* _Listed records_:
===

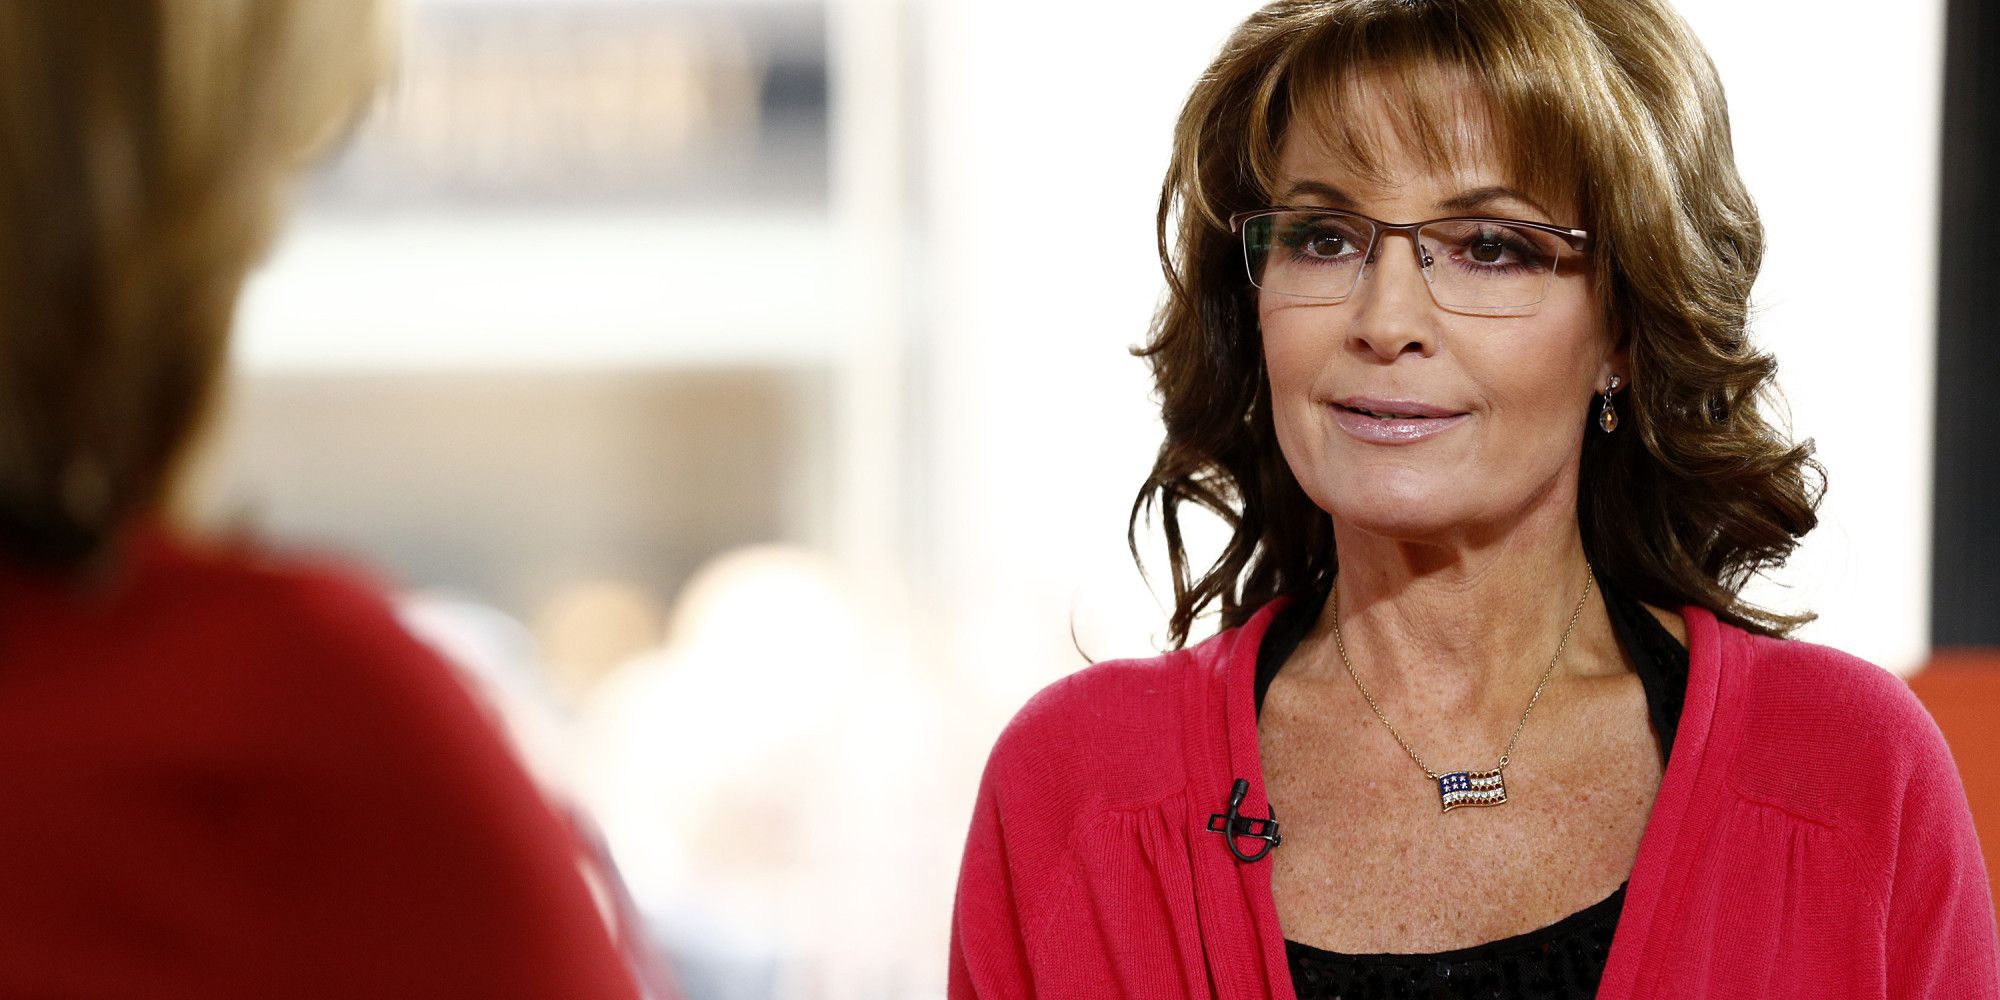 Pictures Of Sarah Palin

===

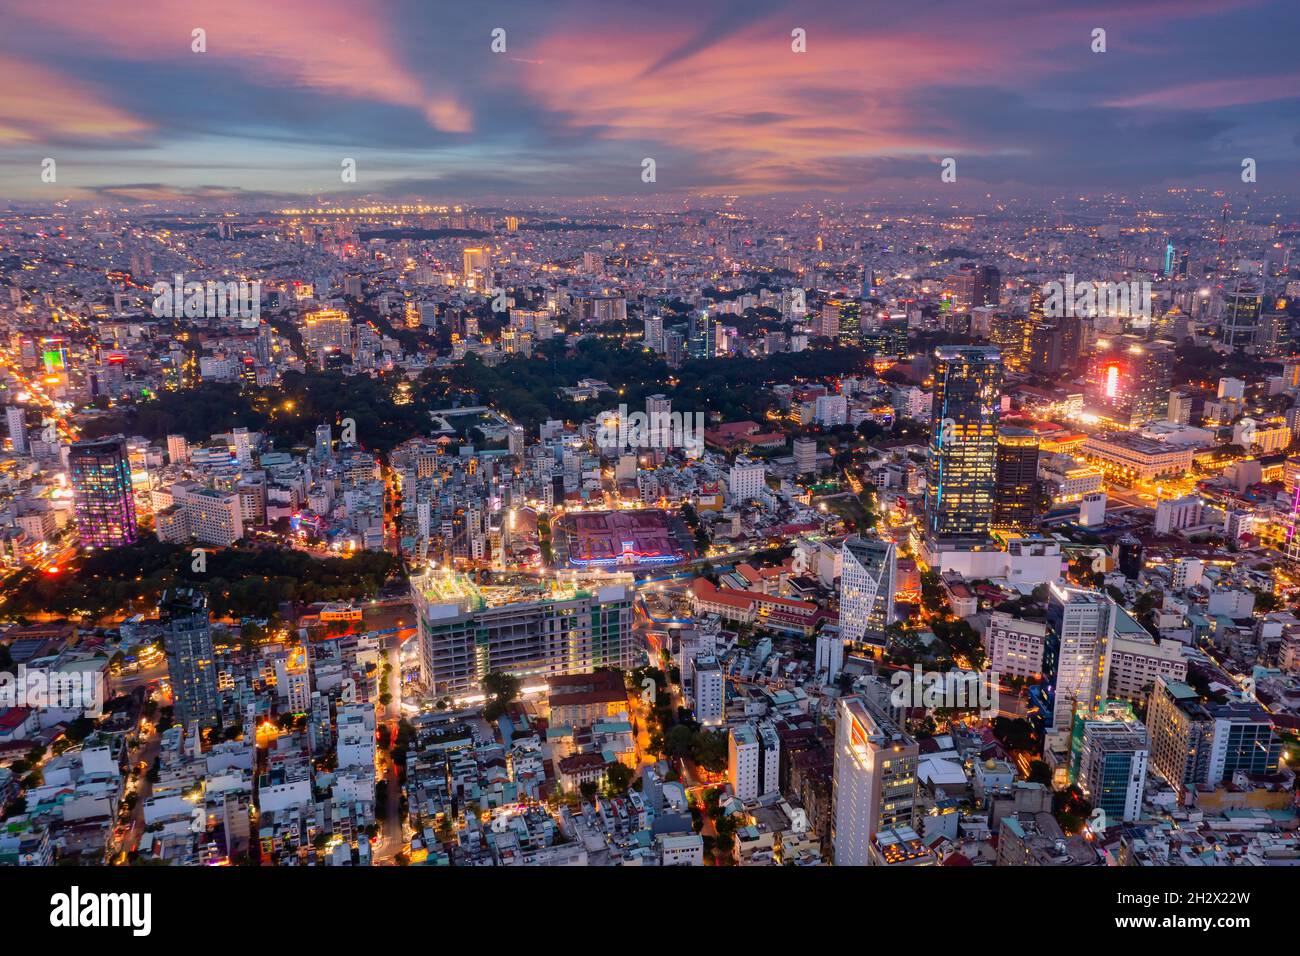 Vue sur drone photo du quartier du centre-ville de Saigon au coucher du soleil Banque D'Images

===

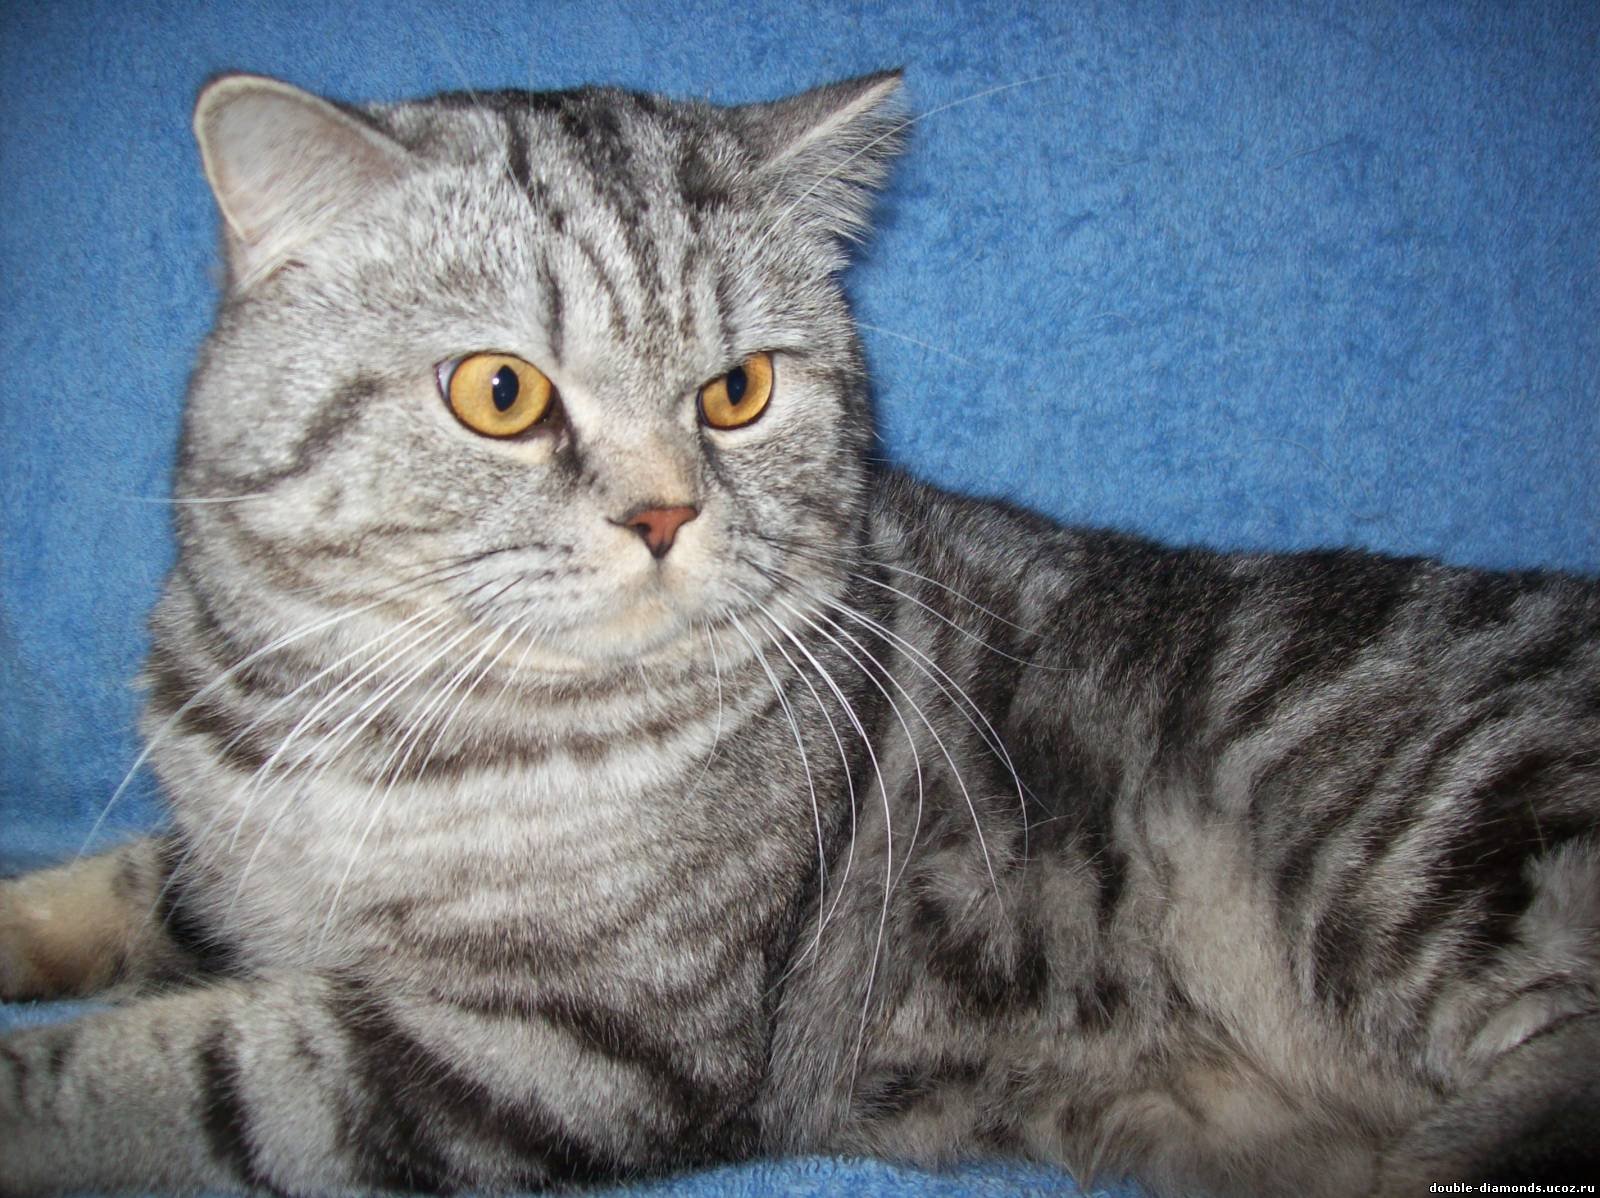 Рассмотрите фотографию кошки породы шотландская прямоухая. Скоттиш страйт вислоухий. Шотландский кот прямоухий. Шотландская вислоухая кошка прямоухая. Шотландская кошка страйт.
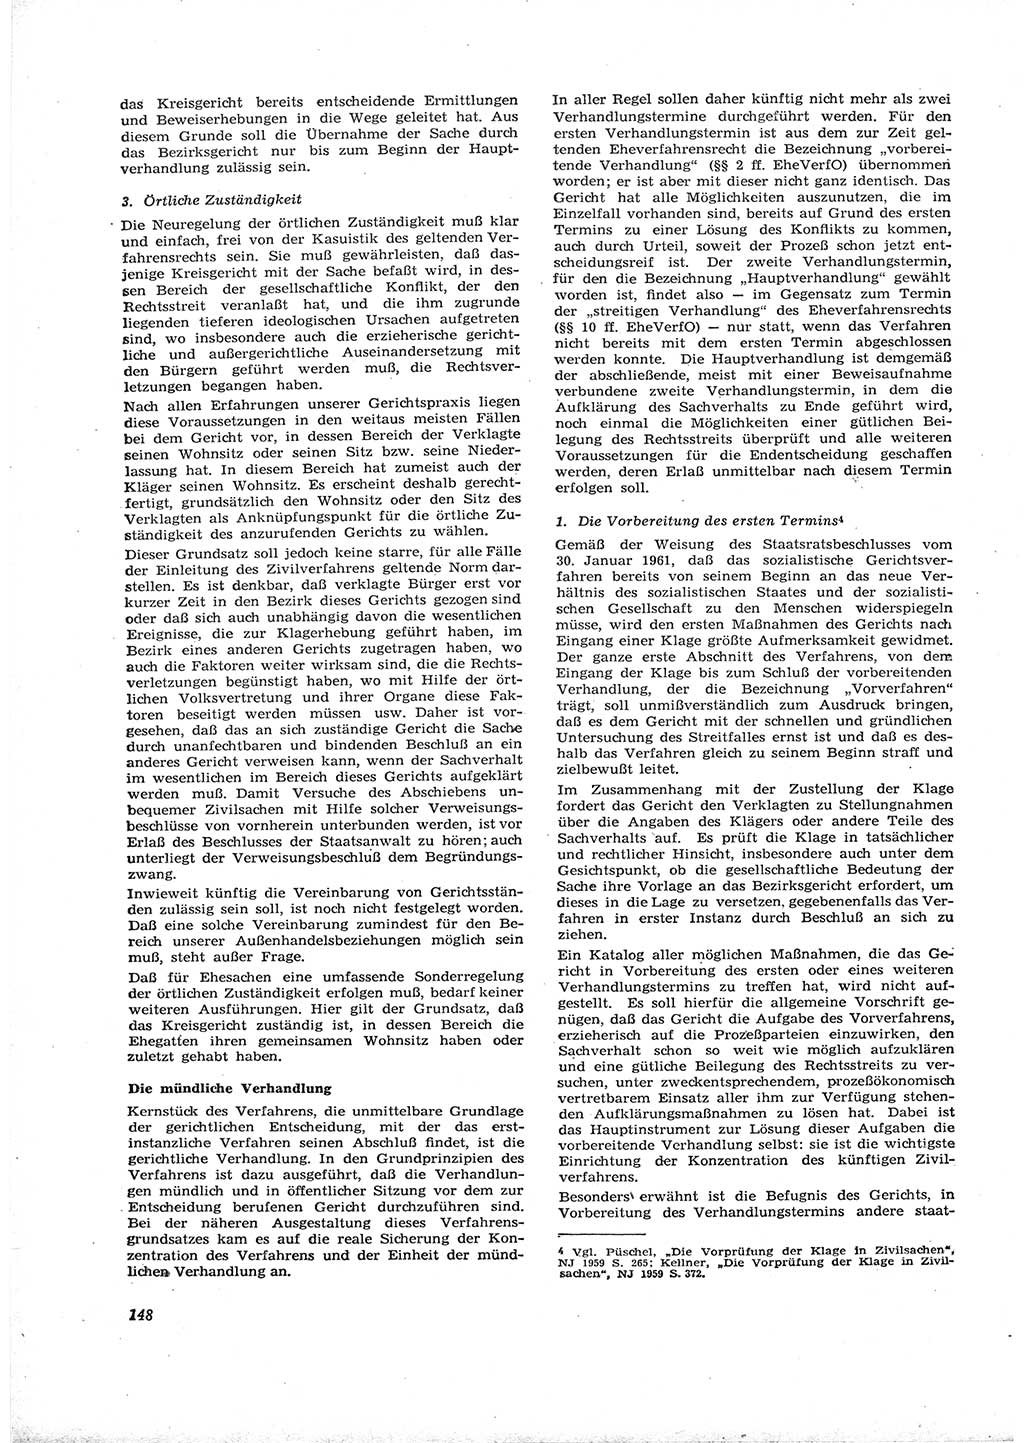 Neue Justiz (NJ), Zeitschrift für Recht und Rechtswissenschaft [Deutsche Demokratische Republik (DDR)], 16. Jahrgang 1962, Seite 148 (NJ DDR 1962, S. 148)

===

* _What to work on_: Output exactly the lines above, from the line with "Рассмотрите фотографию кошки" to the line with "Neue Justiz (NJ), Zeitschrift", both included; skip the pictures.

* _Answer to this problem_:
 Рассмотрите фотографию кошки породы шотландская прямоухая. Скоттиш страйт вислоухий. Шотландский кот прямоухий. Шотландская вислоухая кошка прямоухая. Шотландская кошка страйт.
 Neue Justiz (NJ), Zeitschrift für Recht und Rechtswissenschaft [Deutsche Demokratische Republik (DDR)], 16. Jahrgang 1962, Seite 148 (NJ DDR 1962, S. 148)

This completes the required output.